Witkoff made the remarks on the Russian referenda a day before a new round of talks between the U.S. and Russia in Saudi Arabia aimed at trying to make progress toward ending the war. His portrayal of the referenda as legitimate triggered some fierce criticism in Europe.
“Witkoff’s repeating of Kremlin lies about ‘russian-speakers’ [sic] wanting to ‘join Russia’ is truly chilling,” Lithuania’s former foreign minister, Gabrielius Landsbergis, wrote on X. “Hearing Americans talk like this should be an electric shock for Europe, not a wakeup call.”
Some Ukrainian members of parliament also condemned Witkoff’s comments.
Oleksandr Merezhko, head of the parliamentary foreign affairs committee, told Radio Free Europe/Radio Liberty that the statements were “shocking.”
“I don’t understand what this is about — ignorance, naivety, unprofessionalism?” said Merezhko, who suggested Witkoff should be removed from his negotiating role. “Because we are talking about a representative of the president, who should professionally understand this issue and know some basic things. And he doesn’t know this. He is relaying Russian propaganda.”
In the interview with Carlson, Witkoff appeared to struggle to remember the names of the Ukrainian regions. “Donbas, Crimea. You know the names,” he told the conservative media personality, who prompted him to say “Lugansk” — the Russian transliteration for Luhansk. “Lugansk, and there’s two others,” Witkoff replied.
Although Putin declared he had annexed the four regions, his troops still do not fully control most of the area. Much of Kherson and Zaporizhzhia, including their regional capitals, remain unoccupied.

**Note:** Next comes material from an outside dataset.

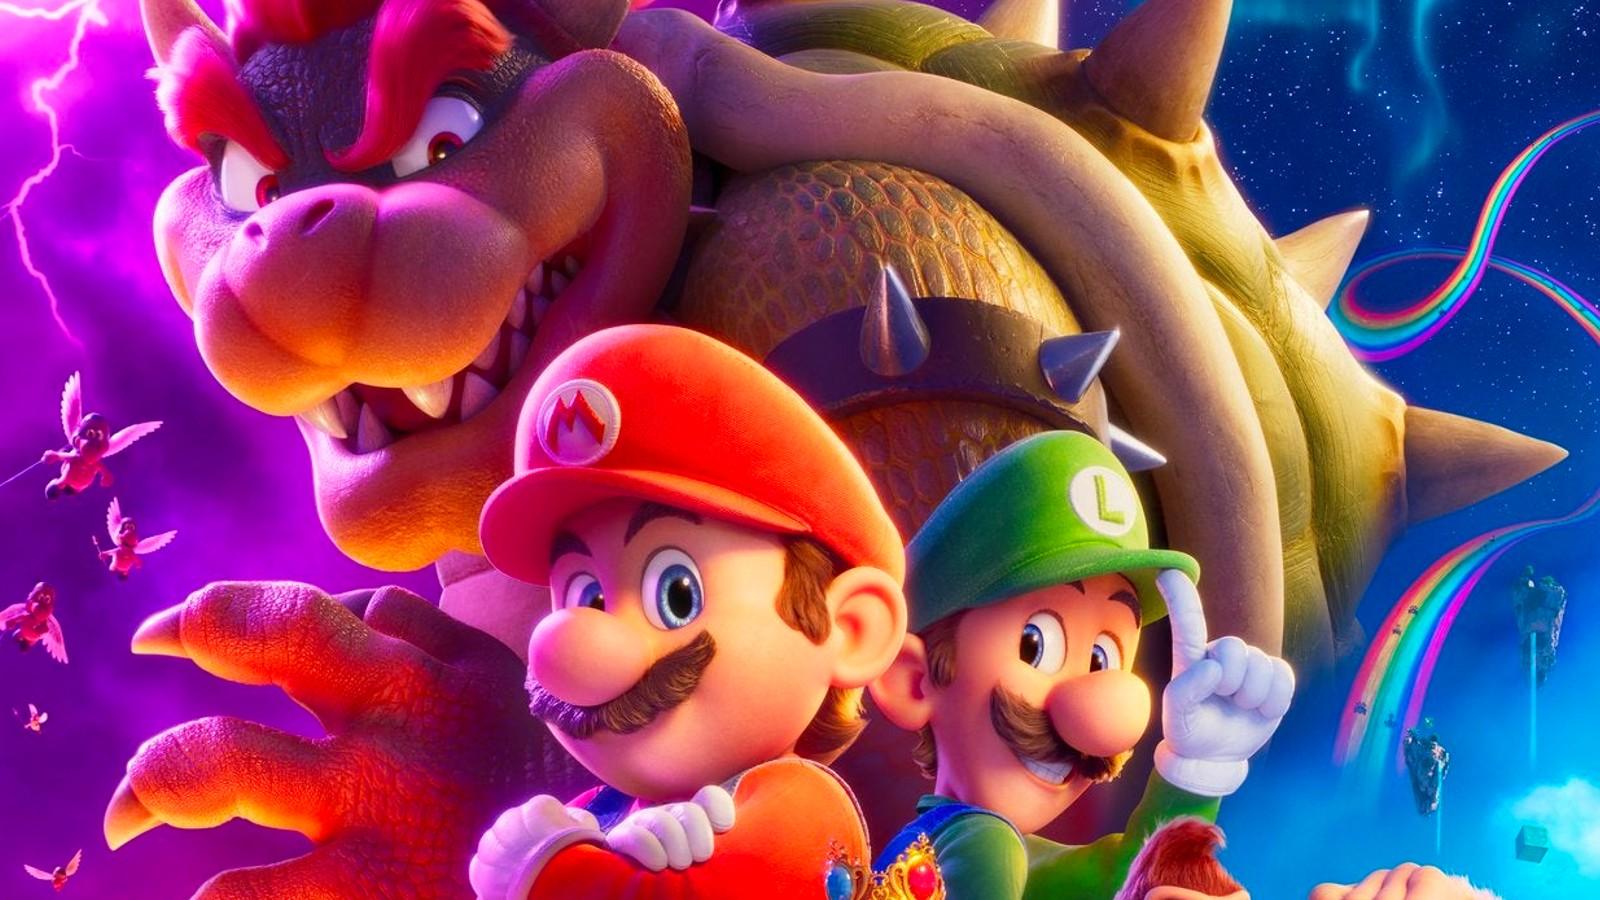 Super Mario Bros movie: Release date, trailer, cast, plot & more

A wealthy real estate developer, Witkoff has emerged as the lead negotiator for Trump’s effort to end the war, twice now traveling to Moscow, where he has said he spent several hours talking with Putin.
In his interview on Carlson, Witkoff was effusive in his praise for Putin, calling him a “very smart guy” and noting Putin told him he had prayed for Trump after the assassination attempt against him during last year’s presidential campaign. Witkoff added that Putin had given him a portrait of Trump which he says the Russian leader had commissioned from a famous Russian artist.

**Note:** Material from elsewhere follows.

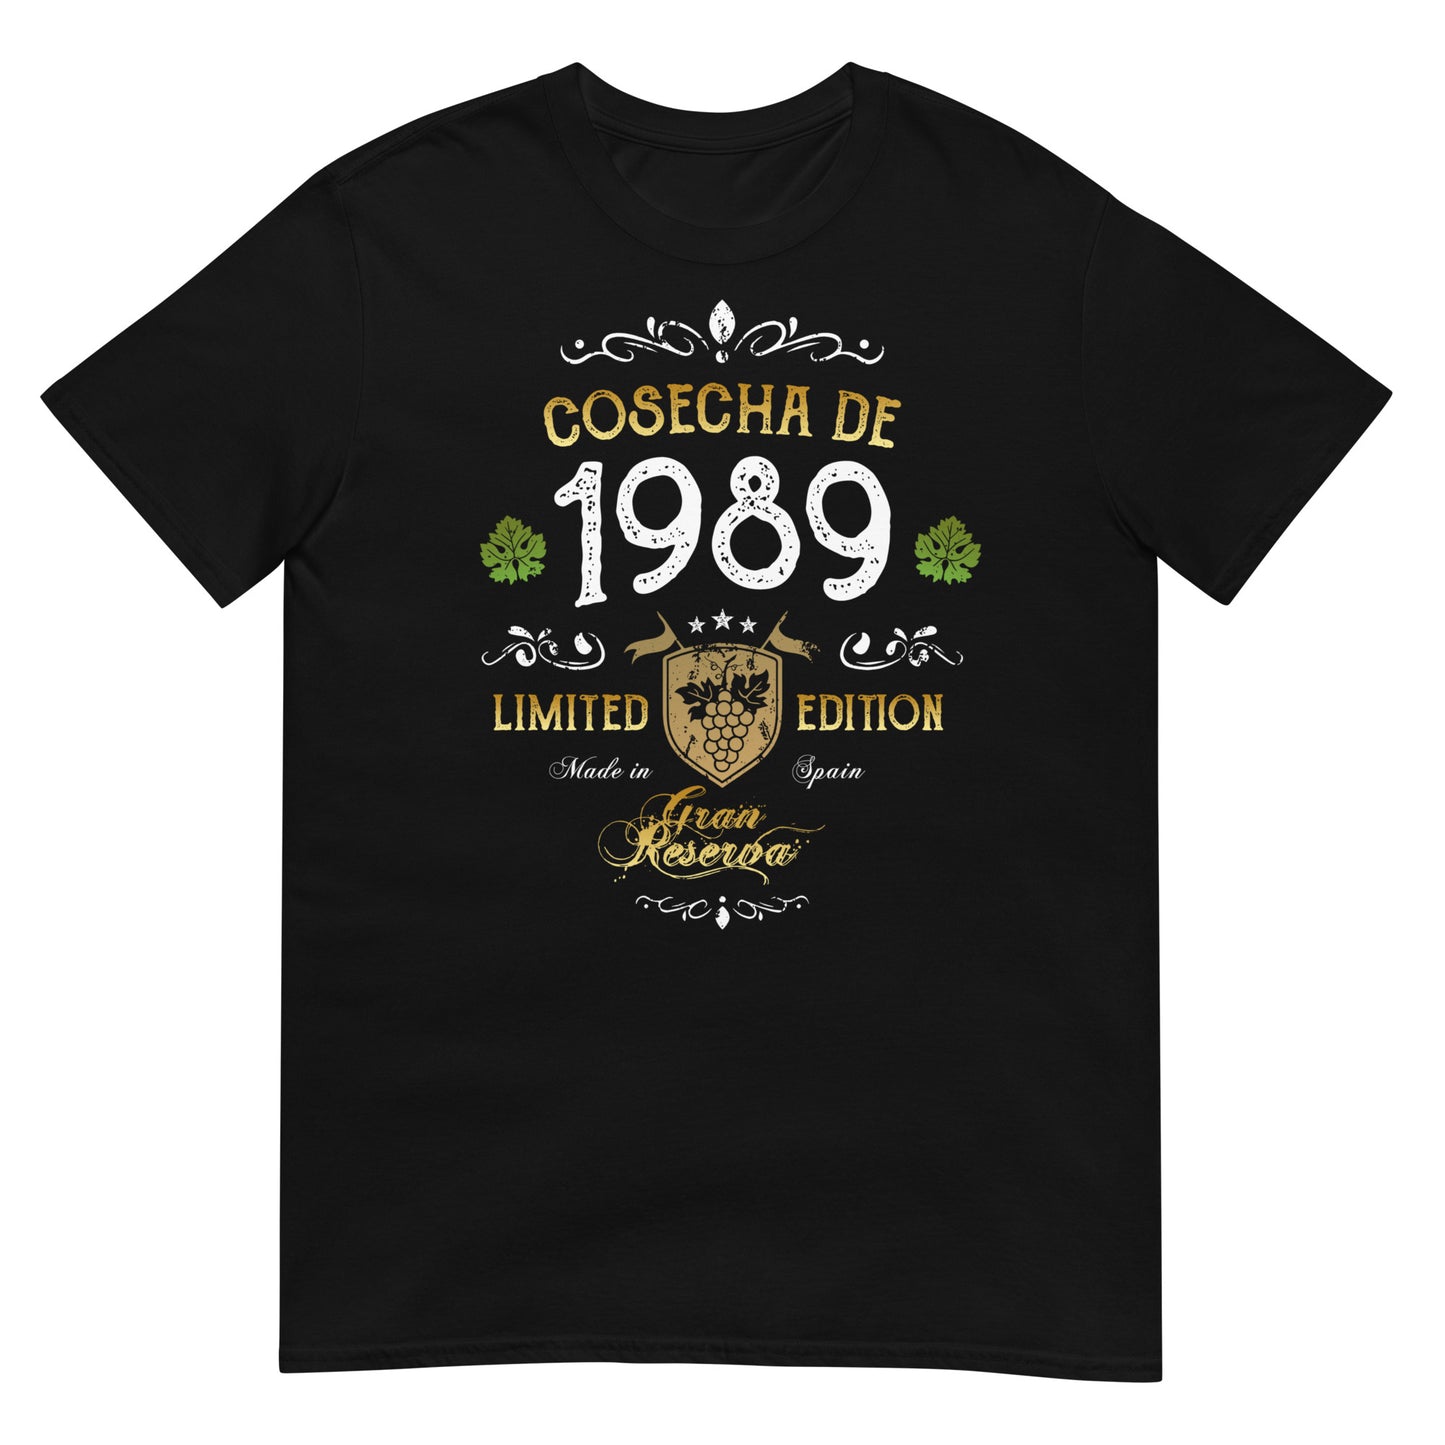 Camiseta Cosecha de 1989 - Cumpleaños

“This is the kind of connection that we’ve been able to reestablish through a simple word called communication, which many people would say I shouldn’t have had because Putin is a bad guy. I don’t regard Putin as a bad guy,” Witkoff said.
Witkoff also told Carlson he believed Russia “does not need to absorb Ukraine,” saying, “They’ve gotten what they want. So why do they need more?” He also said he “100%” believes Russia does not want to invade Europe, saying he took Putin “at his word” on that.

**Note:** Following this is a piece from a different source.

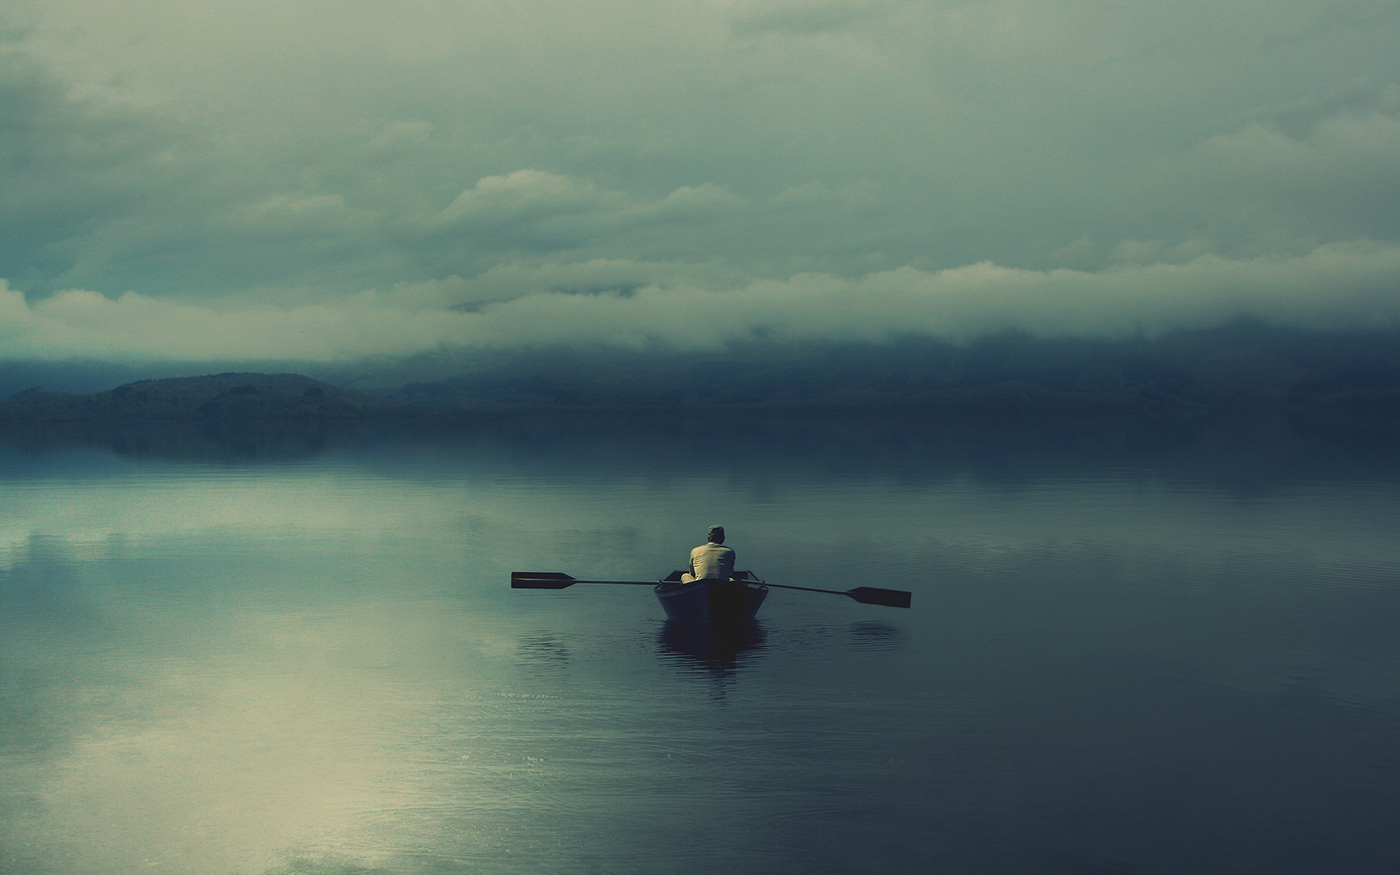 distant alone book cover album cover boat lake

Witkoff also repeated an unsupported claim made by Putin that Russian forces have surrounded a significant number of Ukrainian troops in Russia’s Kursk region. Although Ukraine was forced to retreat from Kursk earlier this month, no evidence has emerged to suggest many Ukrainian soldiers are encircled, and both independent researchers and Ukrainian officials have said it is false.
“Witkoff uncritically amplified a number of Russian demands, claims and justifications,” the Washington D.C.-based Institute for the Study of War (ISW) wrote.
Witkoff’s comments could feed deep unease in Europe that the Trump administration, which is moving fast to restore relations with Russia, is more aligned with the Kremlin than NATO allies over the war in Ukraine. European officials and observers have also warned the administration, in its hurry to reach a deal, is vulnerable to manipulation by Putin.
The White House has argued its reengagement with Russia brings peace closer, but critics point out that the Kremlin has, so far, yet to make any significant concessions. Trump has claimed he isn’t “aligned” with Putin. “I’m not aligned with Putin. I’m not aligned with anybody. I’m aligned with the United States of America, and for the good of the world,” Trump said last month.
Vice President JD Vance on Monday defended Witkoff, writing on X he was doing an “incredible job.”